Another fine recipe for a martini, this time from the elaborately curlicued and filigreed work of gastronomic fiction that is John Lanchester's The Debt to Pleasure.
In what I subsequently came to think of as my aesthetic period, during my early and mid-twenties, I used to serve a seven-to-one martini of Beefeater gin and Noilly Prat vermouth, stirred with large ice cubes and then poured into chilled cocktail glasses; twist of lemon on top, releasing a fine invisible spray of citric juices. As a subsequent refinement I borrowed W.H.Auden's technique of mixing the vermouth and gin at lunchtime (though the great poet himself used vodka) and leaving the mixture in the freezer to attain that wonderful jellified texture of alcohol chilled to below the point at which water freezes. The absence of ice means that the Auden martini is not diluted in any way, and thus truly earns the drink its sobriquet 'the silver bullet'.

7.06.2011

Tumbling Away

Just a little while ago, I stopped my food-in-art-and-culture blog and slowed down on the translation blog, thinking I didn't have the enthusiasm to maintain three separate instances of creativity.

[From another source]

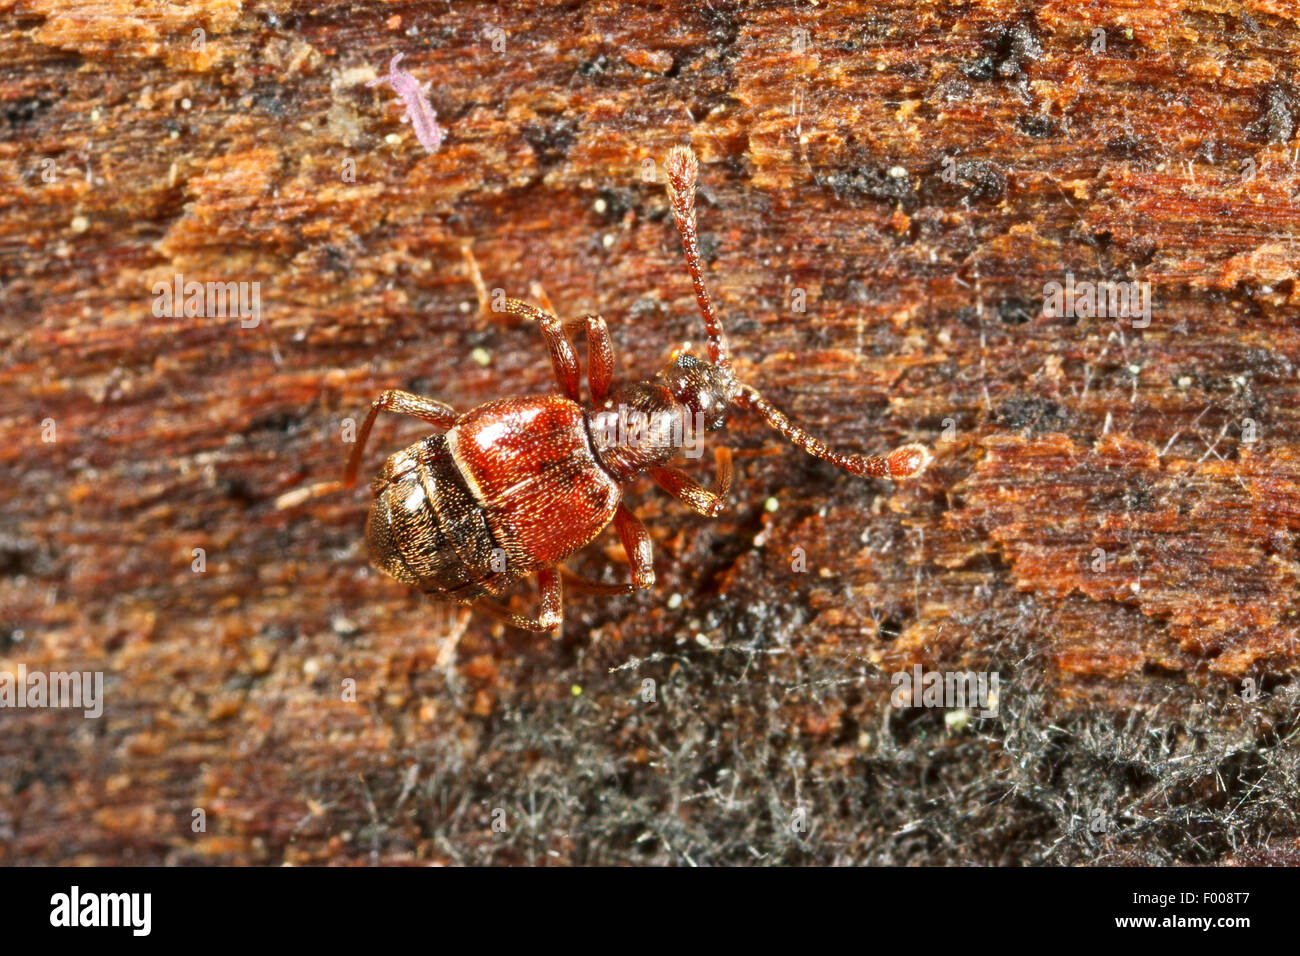 Short winged mold beetle (Tyrus mucronatus), on deadwood, Germany Stock Photo

Shortly thereafter I got withdrawal symptoms, and succumbed finally. A graphical J O S T A M O N appears somewhat magically at Tumblr to archive images (for now, mine) that I find of particular interest.

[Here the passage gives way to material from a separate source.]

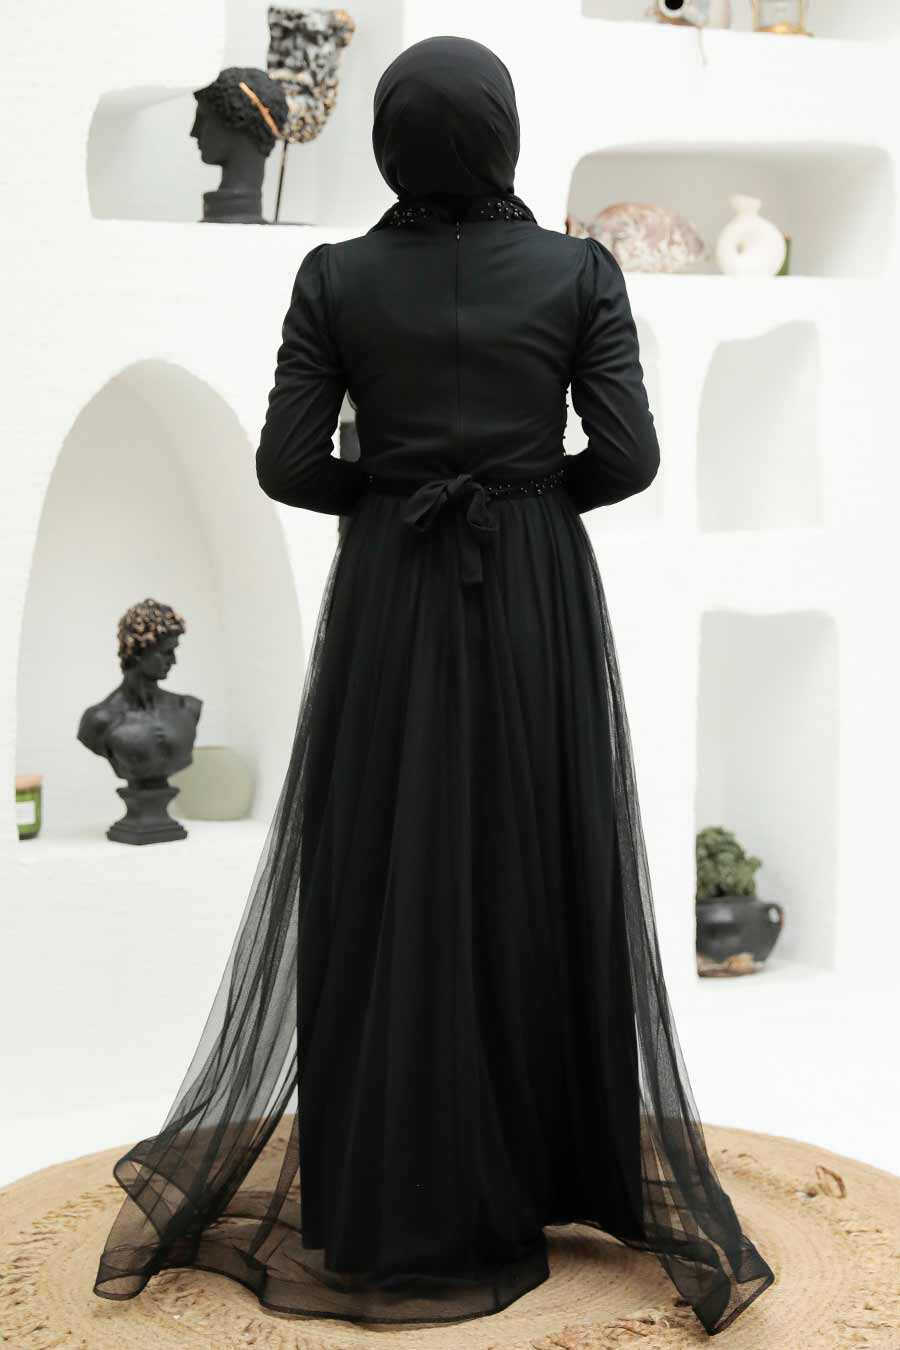 Neva Style - Plus Size Black Muslim Dress 56641S

Now that I've posted half a dozen times at that site, several lacunae present themselves. It has a lovely graphical display, but its formatting capabilities are sadly lacking. And then I observed that of the thousands of pictures in my collection, there's scarcely a dozen that I'm really fond of. So I might run out of material before the end of the month. Wouldn't that be something?

Please take a look, if you like, and do let me know what you think.

7.05.2011

Sports Day

Unlike other pusillanimous schools where competition is frowned upon and everyone is concerned about children's sense of self-worth, the boy's school is fairly rough and tough, and sports day is as fiercely competitive as one would like. Among the senior students, that is; the juniors are a bit more lax.

I took a day off work to see what all the excitement was about. I had missed last year's do, and was rather keen to see what all the moolah I was shelling out in private education was doing for the boy's sportiness. Fair play, that traditionally British norm, and giving it one's uttermost was evident all over the field.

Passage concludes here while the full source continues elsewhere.